=== Extracted records ===
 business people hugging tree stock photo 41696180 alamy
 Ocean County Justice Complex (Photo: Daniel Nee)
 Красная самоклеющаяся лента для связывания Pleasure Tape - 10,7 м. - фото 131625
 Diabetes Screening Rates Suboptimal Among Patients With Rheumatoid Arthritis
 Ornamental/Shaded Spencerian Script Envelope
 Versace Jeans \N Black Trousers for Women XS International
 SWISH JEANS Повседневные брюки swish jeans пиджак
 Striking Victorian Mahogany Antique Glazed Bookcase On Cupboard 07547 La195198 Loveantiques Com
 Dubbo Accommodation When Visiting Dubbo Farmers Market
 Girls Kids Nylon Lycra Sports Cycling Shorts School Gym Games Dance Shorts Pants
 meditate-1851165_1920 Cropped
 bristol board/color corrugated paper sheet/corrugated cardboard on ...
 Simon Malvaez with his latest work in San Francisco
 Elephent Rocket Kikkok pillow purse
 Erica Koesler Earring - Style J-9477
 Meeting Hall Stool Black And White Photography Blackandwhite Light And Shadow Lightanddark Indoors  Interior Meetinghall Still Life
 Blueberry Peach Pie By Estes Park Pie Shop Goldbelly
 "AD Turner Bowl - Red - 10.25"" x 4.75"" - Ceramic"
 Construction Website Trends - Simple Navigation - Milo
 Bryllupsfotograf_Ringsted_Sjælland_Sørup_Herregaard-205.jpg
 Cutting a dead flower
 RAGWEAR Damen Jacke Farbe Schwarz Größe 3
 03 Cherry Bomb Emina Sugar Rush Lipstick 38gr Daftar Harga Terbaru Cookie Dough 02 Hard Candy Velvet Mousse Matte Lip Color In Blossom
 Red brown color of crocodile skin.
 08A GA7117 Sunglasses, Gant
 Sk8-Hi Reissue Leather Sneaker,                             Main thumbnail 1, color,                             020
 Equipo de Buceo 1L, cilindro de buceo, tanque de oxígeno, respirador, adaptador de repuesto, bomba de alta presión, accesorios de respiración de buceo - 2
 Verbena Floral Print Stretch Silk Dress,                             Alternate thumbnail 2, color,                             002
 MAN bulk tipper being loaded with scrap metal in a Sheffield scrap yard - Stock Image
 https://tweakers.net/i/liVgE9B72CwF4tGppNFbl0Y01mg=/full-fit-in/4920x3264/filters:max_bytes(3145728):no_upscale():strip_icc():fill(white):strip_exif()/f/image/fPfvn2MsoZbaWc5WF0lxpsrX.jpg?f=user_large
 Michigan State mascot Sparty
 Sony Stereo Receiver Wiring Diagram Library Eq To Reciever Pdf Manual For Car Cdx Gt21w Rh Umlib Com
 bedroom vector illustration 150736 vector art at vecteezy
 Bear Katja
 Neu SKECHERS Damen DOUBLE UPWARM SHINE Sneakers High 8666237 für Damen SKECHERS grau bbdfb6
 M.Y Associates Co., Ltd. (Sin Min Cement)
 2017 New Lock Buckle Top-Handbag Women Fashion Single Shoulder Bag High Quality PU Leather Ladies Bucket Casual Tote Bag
===
* **To do**: Quote exactly the first line of the entries and every line after it, stopping with the line that contains "RAGWEAR Damen Jacke Farbe Schwarz Größe 3".

* **Response to this task**:
 business people hugging tree stock photo 41696180 alamy
 Ocean County Justice Complex (Photo: Daniel Nee)
 Красная самоклеющаяся лента для связывания Pleasure Tape - 10,7 м. - фото 131625
 Diabetes Screening Rates Suboptimal Among Patients With Rheumatoid Arthritis
 Ornamental/Shaded Spencerian Script Envelope
 Versace Jeans \N Black Trousers for Women XS International
 SWISH JEANS Повседневные брюки swish jeans пиджак
 Striking Victorian Mahogany Antique Glazed Bookcase On Cupboard 07547 La195198 Loveantiques Com
 Dubbo Accommodation When Visiting Dubbo Farmers Market
 Girls Kids Nylon Lycra Sports Cycling Shorts School Gym Games Dance Shorts Pants
 meditate-1851165_1920 Cropped
 bristol board/color corrugated paper sheet/corrugated cardboard on ...
 Simon Malvaez with his latest work in San Francisco
 Elephent Rocket Kikkok pillow purse
 Erica Koesler Earring - Style J-9477
 Meeting Hall Stool Black And White Photography Blackandwhite Light And Shadow Lightanddark Indoors  Interior Meetinghall Still Life
 Blueberry Peach Pie By Estes Park Pie Shop Goldbelly
 "AD Turner Bowl - Red - 10.25"" x 4.75"" - Ceramic"
 Construction Website Trends - Simple Navigation - Milo
 Bryllupsfotograf_Ringsted_Sjælland_Sørup_Herregaard-205.jpg
 Cutting a dead flower
 RAGWEAR Damen Jacke Farbe Schwarz Größe 3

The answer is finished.